Another challenge is inspiration. It doesn’t always come when you want it. I’ve had stories that I’ve read three, four, five…even ten times without adding anything to them, simply because I didn’t have any new ideas. You’ve gotta just stick with it and be committed. Don’t force it, though. You have to practice what I call “patient persistence”. That means being patient and persistent at the same time. That means always getting to work with something…but maybe not THAT particular project for the time being because it’s not going anywhere right now. But just because one project is somewhat halted doesn’t mean there aren’t others to get to work on. A true artist is always busy with several projects at any one time. 

But the number one obstacle is myself. You see, when you spend years working on a book — and I haven’t met the book that does not take years to write — the are many opportunities to start doubting yourself and wondering if you are wasting your time and “Who’s gonna read this garbage I’m writing?” and so for, and so on. As an artist, you have to learn to trust yourself and believe in your ideas and your instincts. But most of all, you need to have fun with whatever you are working on. If an artist is not having fun with what he or she is creating, chances are their audiences won’t enjoy it much either! 

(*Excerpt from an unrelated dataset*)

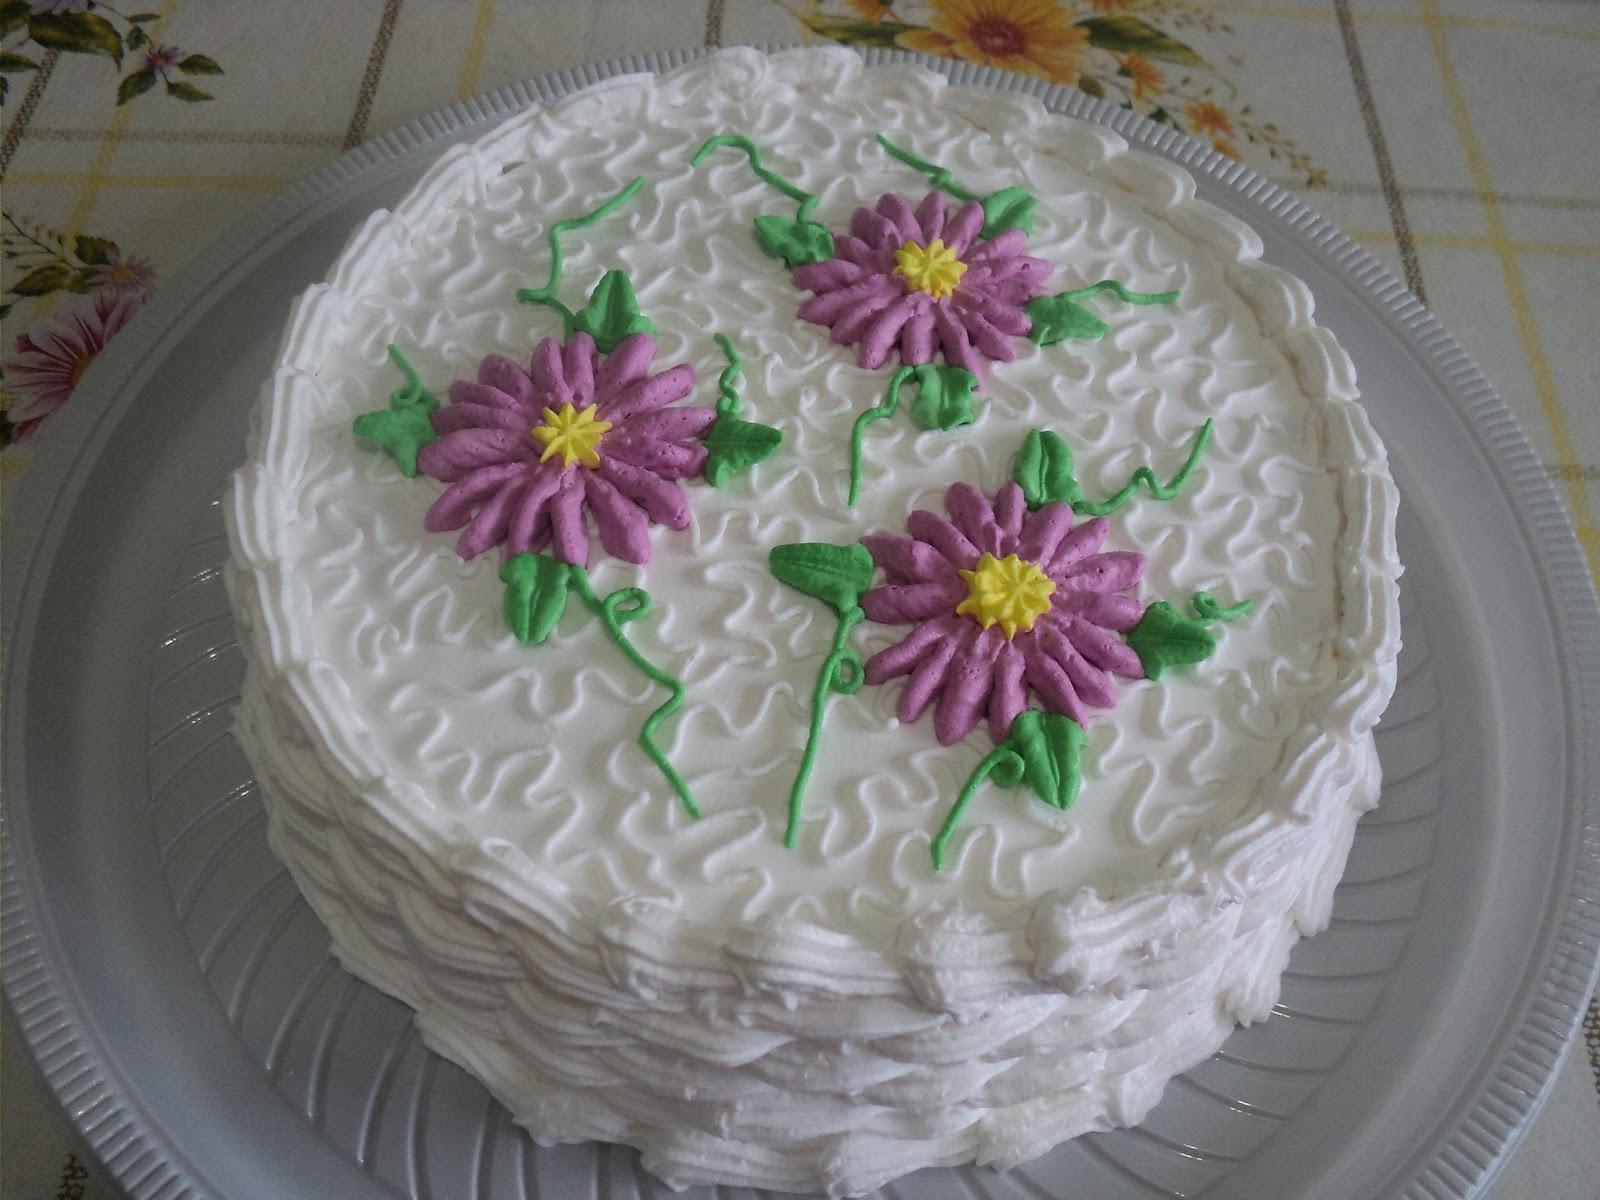 bolo de chantilly com flores (2)

Alright, so let’s switch gears a bit and talk business. What should we know about your work?
I am a patient transporter at one of the biggest and most respected hospitals in Cleveland. I’m proud to say in my short time there, I have won two awards for my performance. 

What I’m most proud of is I made the move that I needed to make in my life. It’s not easy to uproot yourself and move to a new job, in a new city, with a whole new life, and so on. But I had already spent three years in a job that felt suffocating to me, and I needed a change. 

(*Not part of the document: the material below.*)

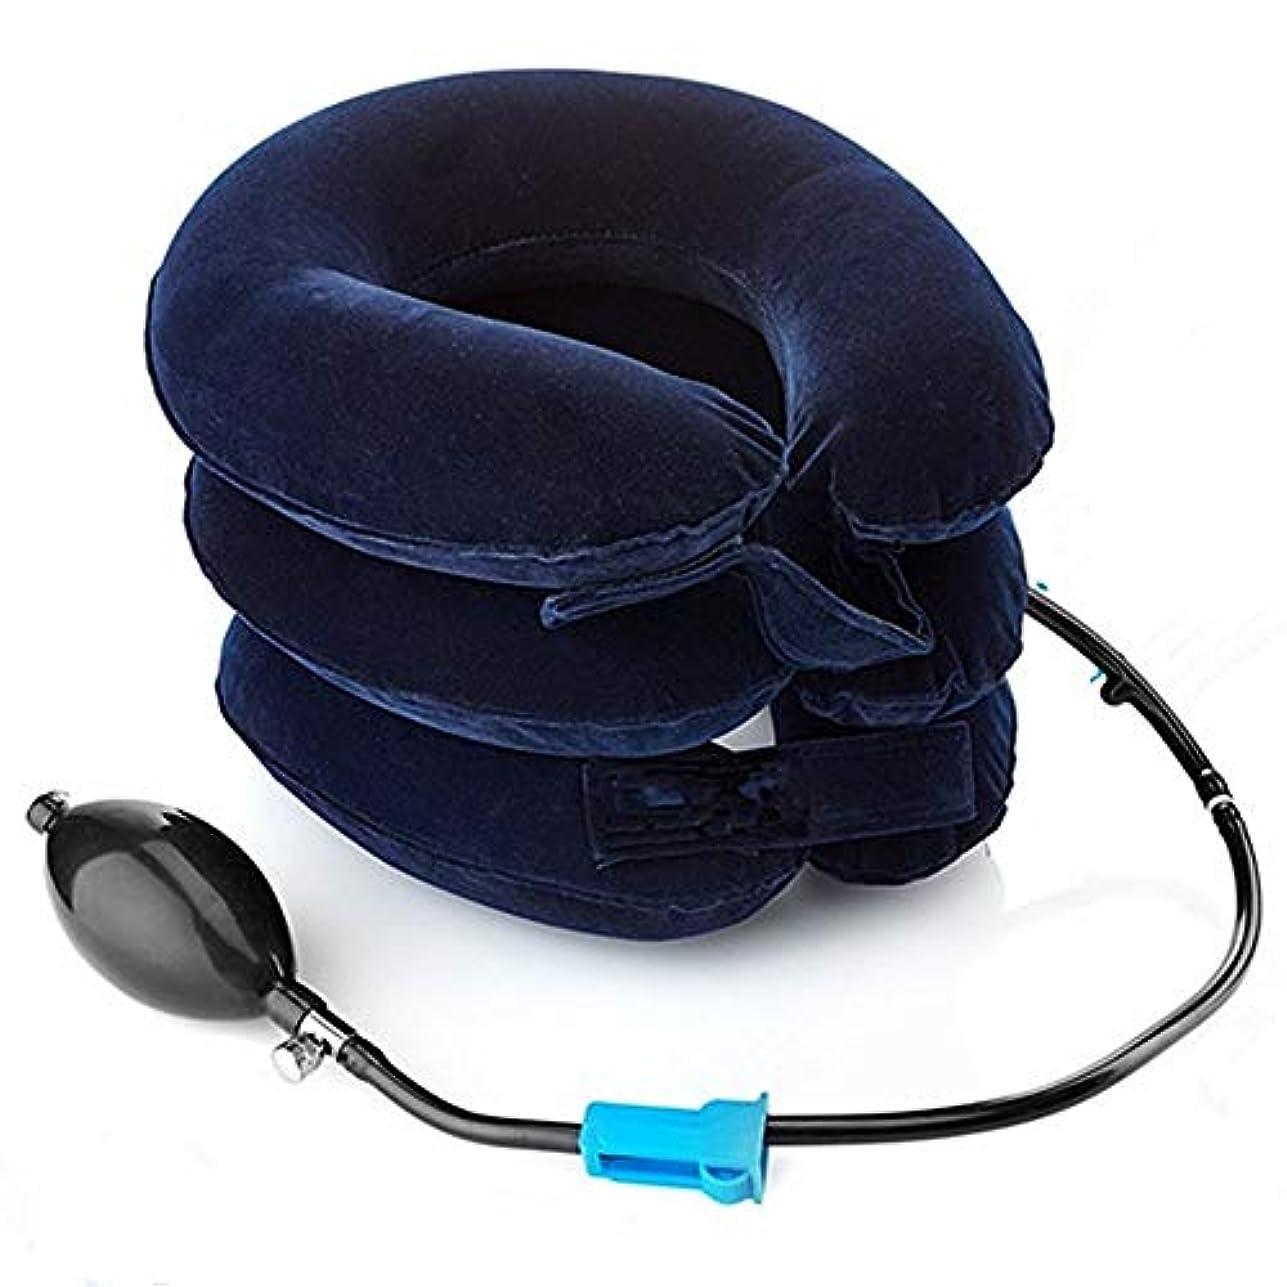 グローブ運命何子宮頸管牽引装置FDA登録 - ホームトラクション背骨の整列のためのインフレータブル&調節可能なネックストレッチャーカラー

I think what set me apart from others is I don’t live for approval as much as many people that I know. I do what I do because that’s what I like to do, not because someone else does or does not approve of it. 

We’d love to hear about what you think about risk-taking?
Taking risks is an absolute necessity in life. Sooner or later, all of us will approach one or another situation in life where taking a risk is the right decision to make. My biggest risk in life was moving from Chicago — where I had been living most of my life — to Cleveland, as well as the new job I took, which made the move necessary. I couldn’t have been more happy because now I’m closer to my friends, whom I had been crossing state lines for years to visit, and I’m in a job that makes me a lot happier than the one I left. Sure, there’s much I miss about Chicago, but I don’t miss living there. Or working there. 

Fear is the biggest reason people shy away from risk. Sometimes, as our lives become more miserable because of our fear of embracing the risky thing to do to get out of our current situation, we actually convince ourselves the being comfortably miserable is the lesser evil. That’s almost never true. But, again, you have to take a risk to get out of that comfortable misery.